Elle le croyait quand il prétendait n’aimer aucune autre femme. Si ce n’eût pas été le cas, il l’aurait dit sans hésitation car Lassef « balançait » tout ce qui lui passait par la tête. Il maniait le cynisme de la franchise comme un fouet. Nadia avait beau se perdre en perplexité, elle ne comprenait pas comment leurs vingt années d’union tournaient court. Il s’agissait sûrement d’une érosion imperceptible. Les termites de la routine avaient grignoté leur mariage et, brusquement, à une période de tension un peu forte, tout cédait !

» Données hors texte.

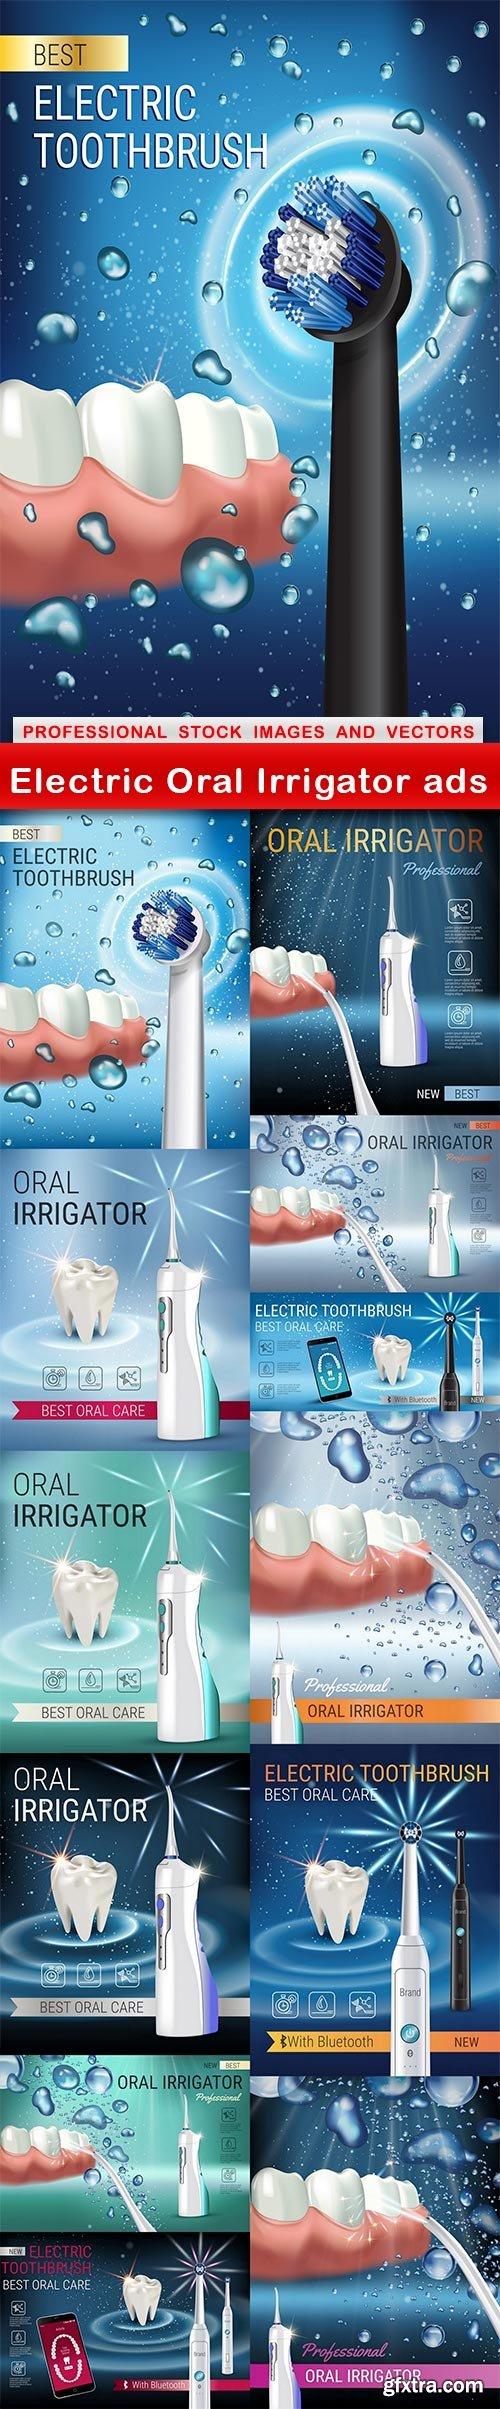 Electric Oral Irrigator ads - 13 UHQ JPEG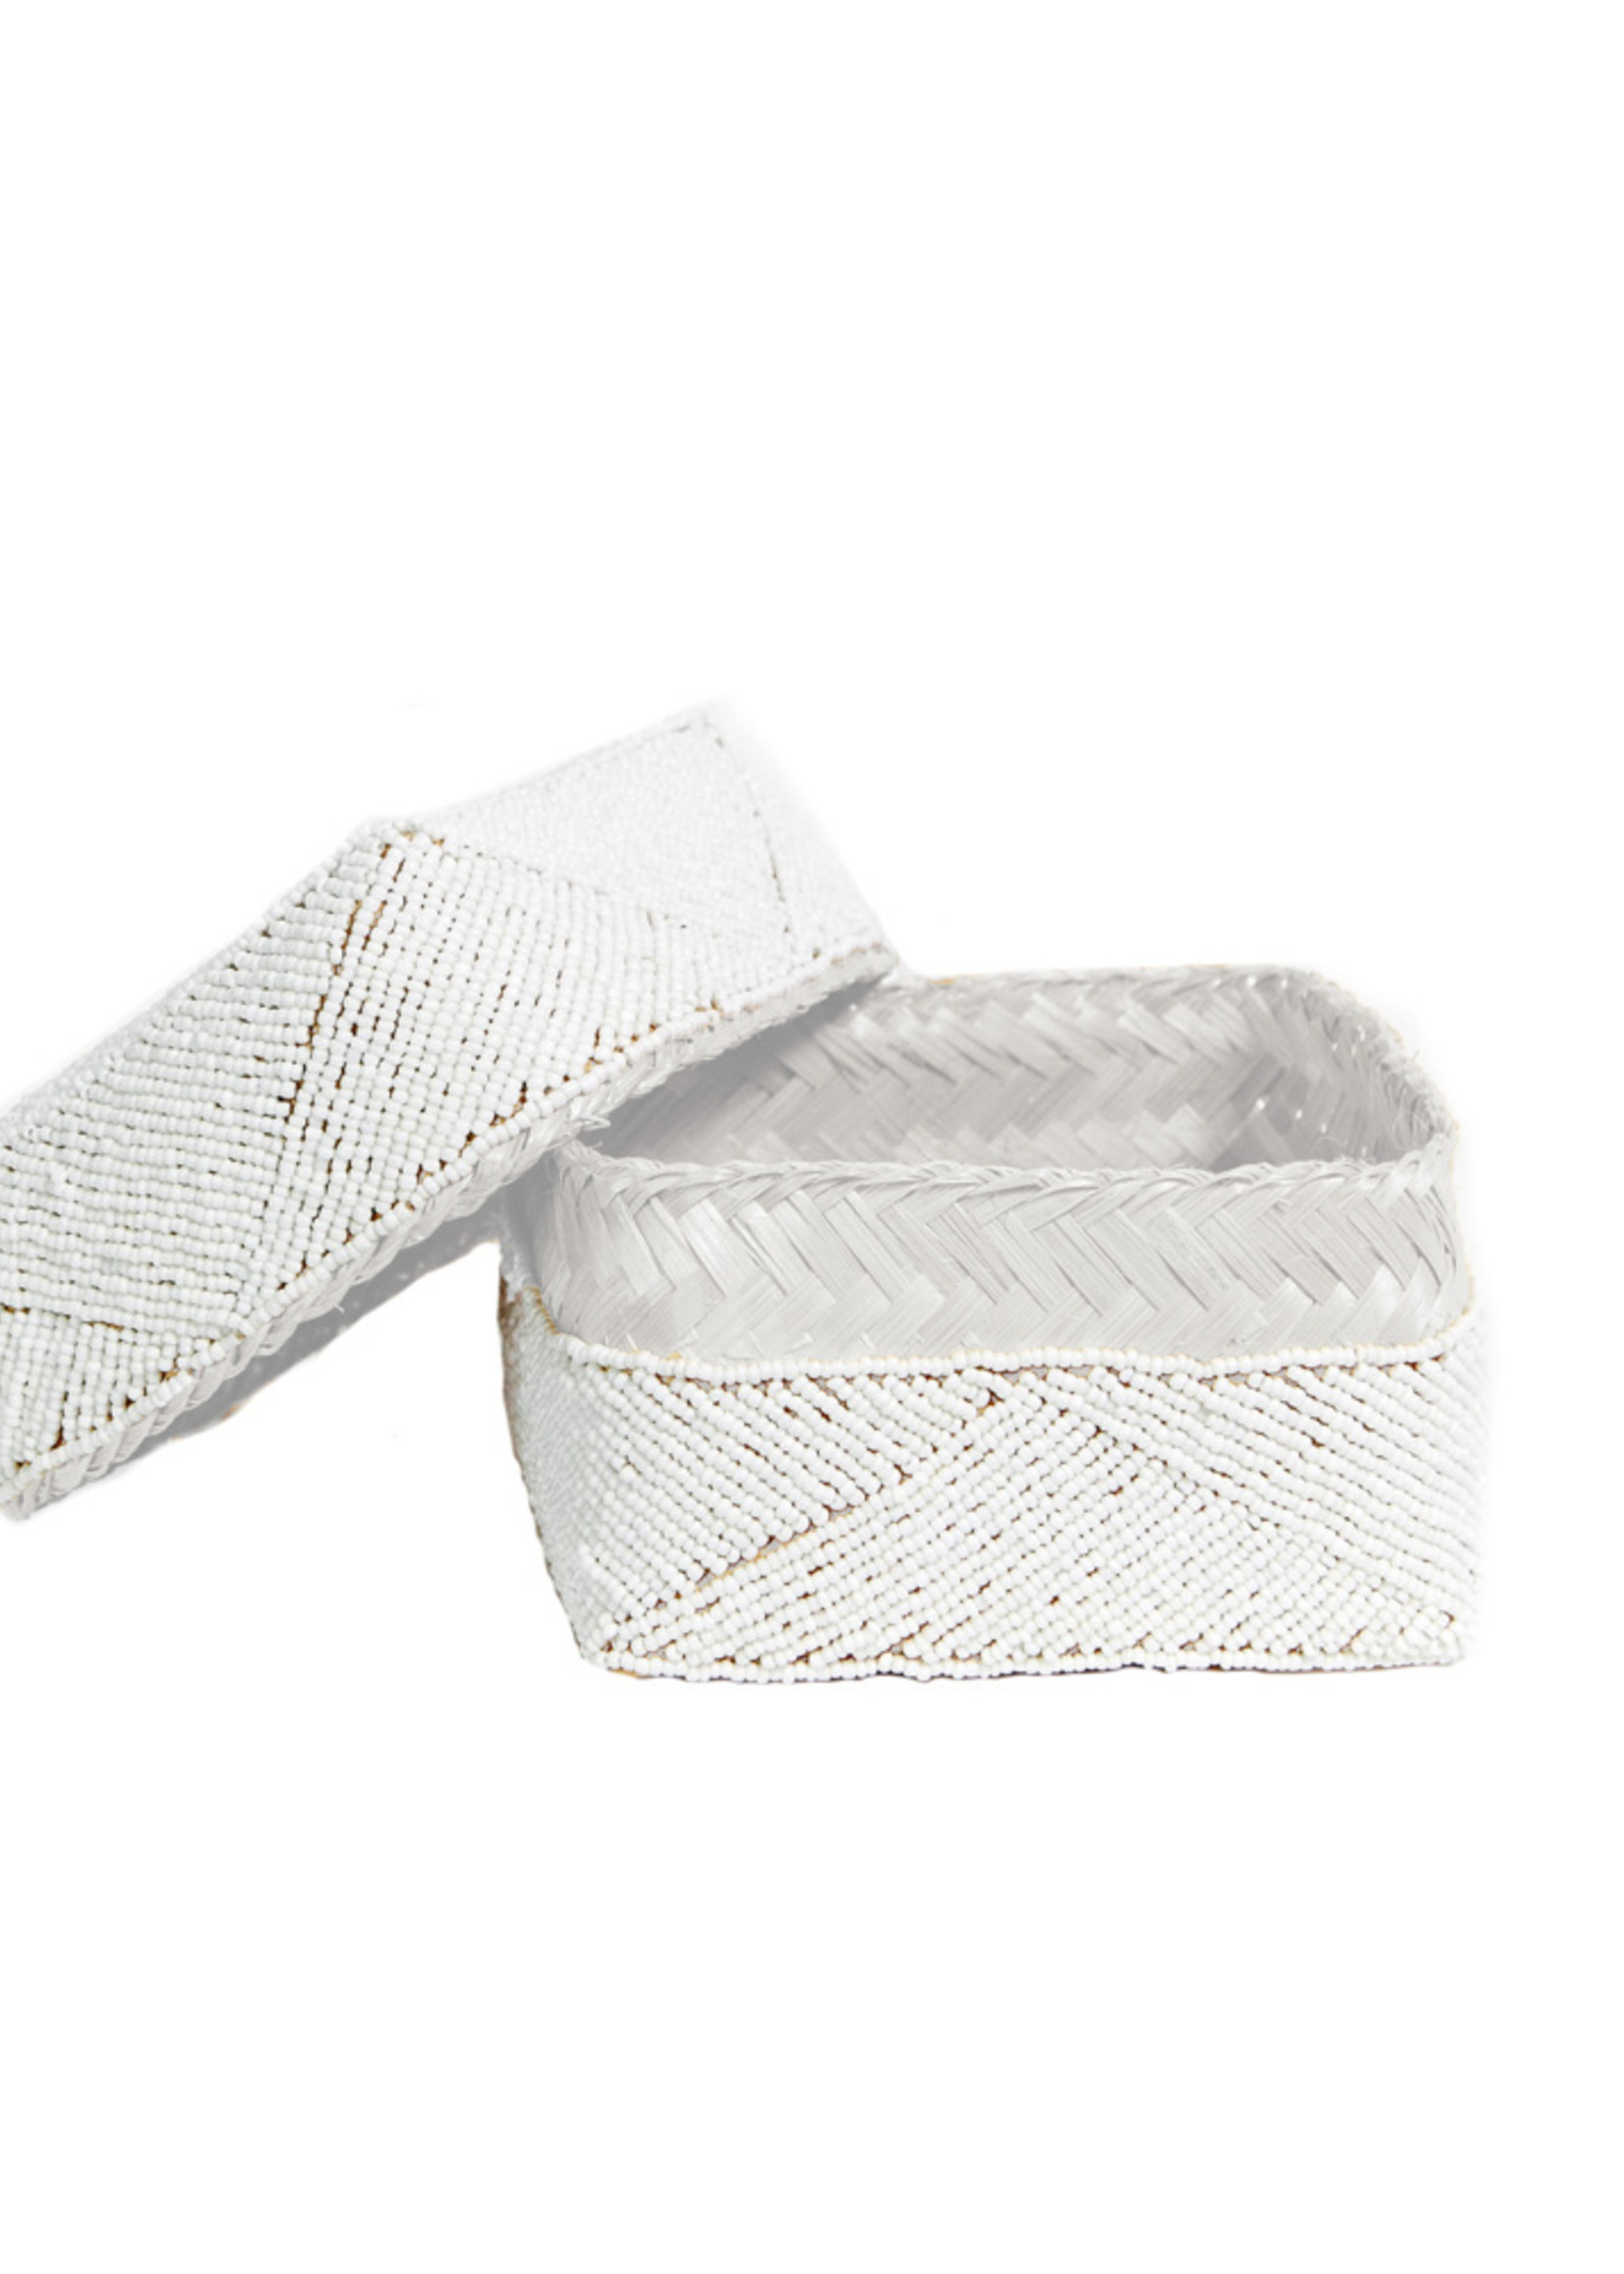 The Beaded Basket - White - S

Le bras replié sur les yeux, elle tenta de comprendre ce que serait son futur mais n’y parvint pas. Depuis qu’elle connaissait Boris, elle vivait pour lui et par lui. Aucun autre homme, jamais, n’avait éveillé son intérêt. « L’Illustre » régnait. Il n’était pas seulement SA vie, mais LA vie. Il avait empli l’univers de sa présence, comme ces plantes d’appartement qui emplissent de leurs racines le pot qui les héberge. Hormis Lassef, RIEN n’existait, pas même son vieux père. Boris représentait son destin, l’enfant qu’elle n’avait pas, et, plus que tout, sa vérité . Elle le vénérait.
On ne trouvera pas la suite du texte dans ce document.